На следующий день после того разговора Валерия Владимировна впервые за долгое время пошла на свидание. Долго прихорашивалась перед зеркалом в своей комнате, в итоге выбор пал на нежно-голубое платье с запахом, которое доходило ей до колена. Есения выбрала матери туфли на небольшом каблуке и миниатюрную сумочку, помогла привести волосы в порядок, а с макияжем женщина разбиралась сама. Ее мать вернулась ближе к одиннадцати. Нельзя было сказать, прошло все хорошо или плохо, по лицу ничего видно не было. Олеся узнала лишь утром, что все прошло не так плохо, как Валерия Владимировна предполагала. Но больше она на свидания не пойдет. Сказала, что это все не для нее, что она чувствовала себя неуютно, некомфортно, лишней.

Сейчас, вспоминая то, как Есения готовила печенье с кусочками шоколада и орешками, чтобы поднять матери настроение, Валерия Владимировна едва сдерживала слезы.
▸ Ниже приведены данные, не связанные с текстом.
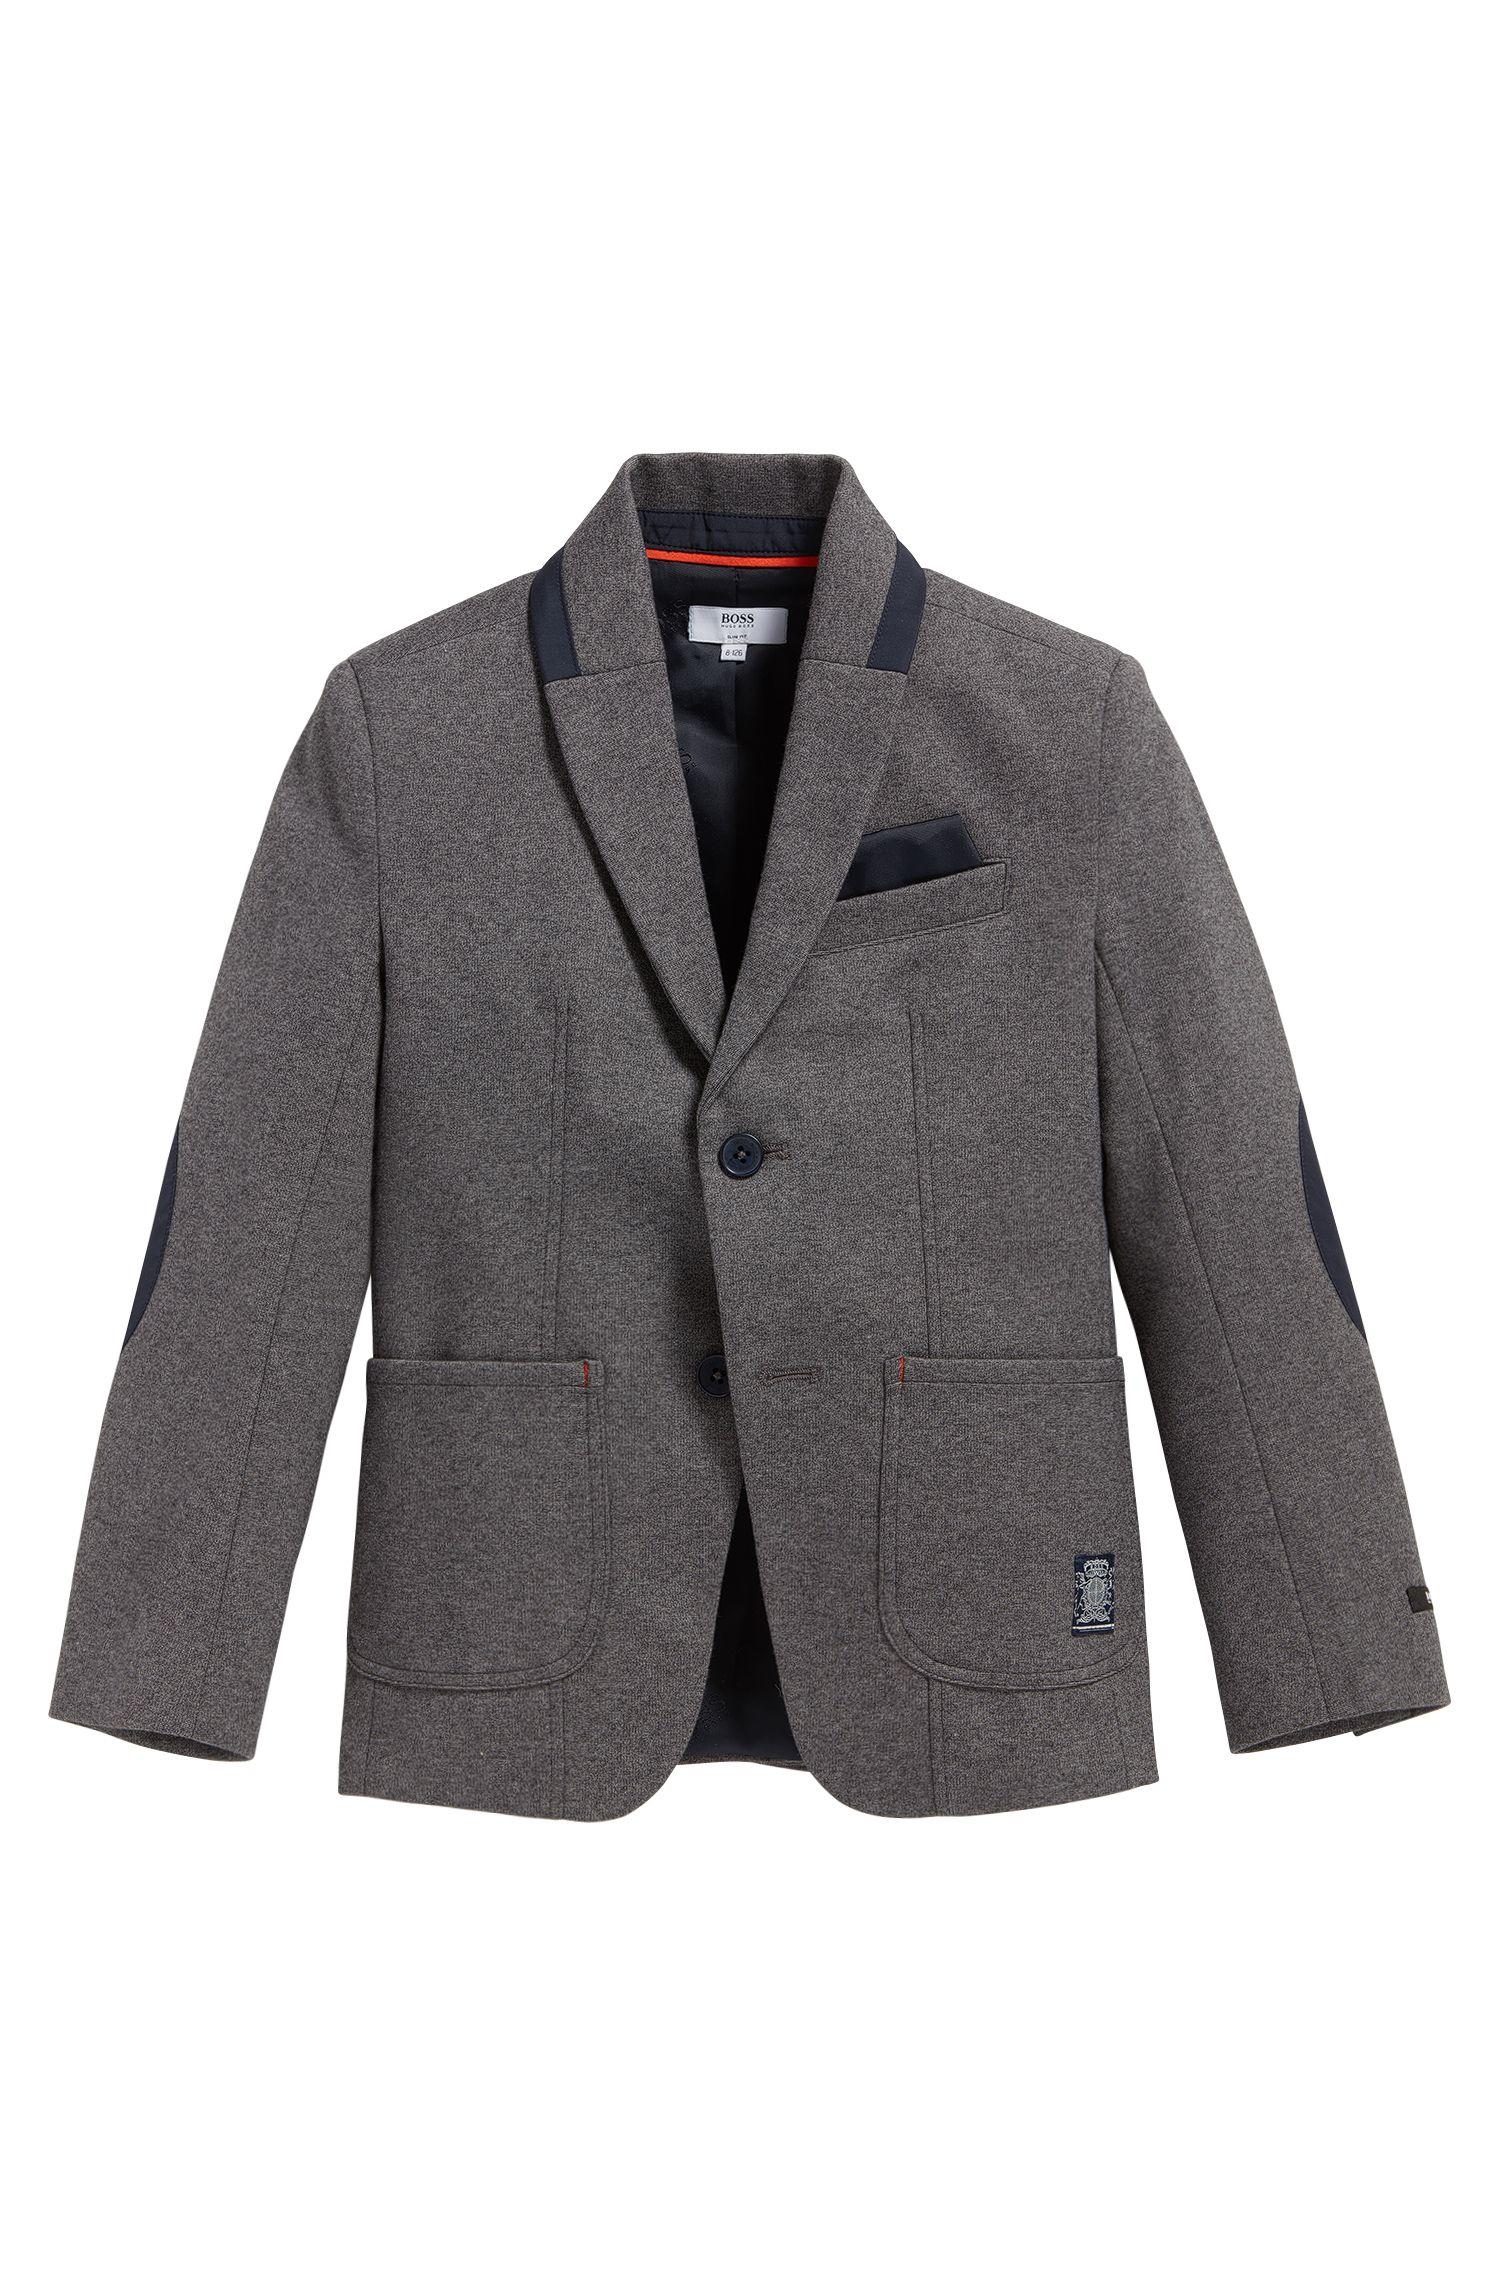 Veste de costume pour enfant en coton mélangé extensible, à coudières: «J26293»

Она точно знала, что ее дочь жива, но где именно и что с ней, понятия не имела. Валерия Владимировна верила, что ее ребенок жив, ведь она мать, а матери всегда чувствуют, если с их детьми что-то не так. Так и она – в сердце было полно беспокойства, но еще больше надежды на то, что ее доченька где-то рядом, жива и, как хотелось верить, невредима.

Валерия Владимировна не решалась выбросить из вазы засохший букет фрезий, которые ее дочь получила накануне своей пропажи. Некоторые белые лепестки опали сухими листьями на тумбочку, другие едва держались на стеблях. Всякий раз, когда глаза женщины находили эти цветы в комнате ее ребенка, на губах появлялась та самая улыбка надежды.

Женщина ежедневно проверяла почту, заходила в социальные сети дочери – в те, пароли от которых она смогла найти, поддерживала отношения с друзьями и бывшими коллегами Есении. Даша Флеер, лучшая подруга Есении, пару раз приходила к женщине домой, помогала с уборкой, занимала разговорами, отвлекала.

Все слезы женщина уже выплакала, поэтому часто вставала в кухне у окна и смотрела вдаль, на горизонт, на котором виднелось море. Длинное и безграничное, берущее начало в городе за несколько километров от места, где жила сама женщина. Море сливалось с горизонтом, и Валерия Владимировна вспоминала слова Есении о том, что море – это небо, а небо – это море. Все зависело лишь от того, под каким углом смотреть на них. Ее дочь не умела плавать и ужасно боялась учиться, даже ее отец удивлялся этому. Сам же мужчина безумно любил нырять, погружаться в воду с головой, но в один день он не смог выплыть обратно и поддался течению, которое увлекло его тело слишком далеко от дома. Его нашли не сразу, хоронили в закрытом гробу, и даже родственники не могли попрощаться. Не потому, что им не разрешили, а потому, что тело было слишком обезображенным. Десятилетняя Есения не могла смотреть на некогда любимого отца, который превратился в один большой разбухший кусок мяса и костей. Валерия Владимировна же смотрела на мужа несколько минут, после которых полгода пила успокоительные и снотворные, посещала специалистов.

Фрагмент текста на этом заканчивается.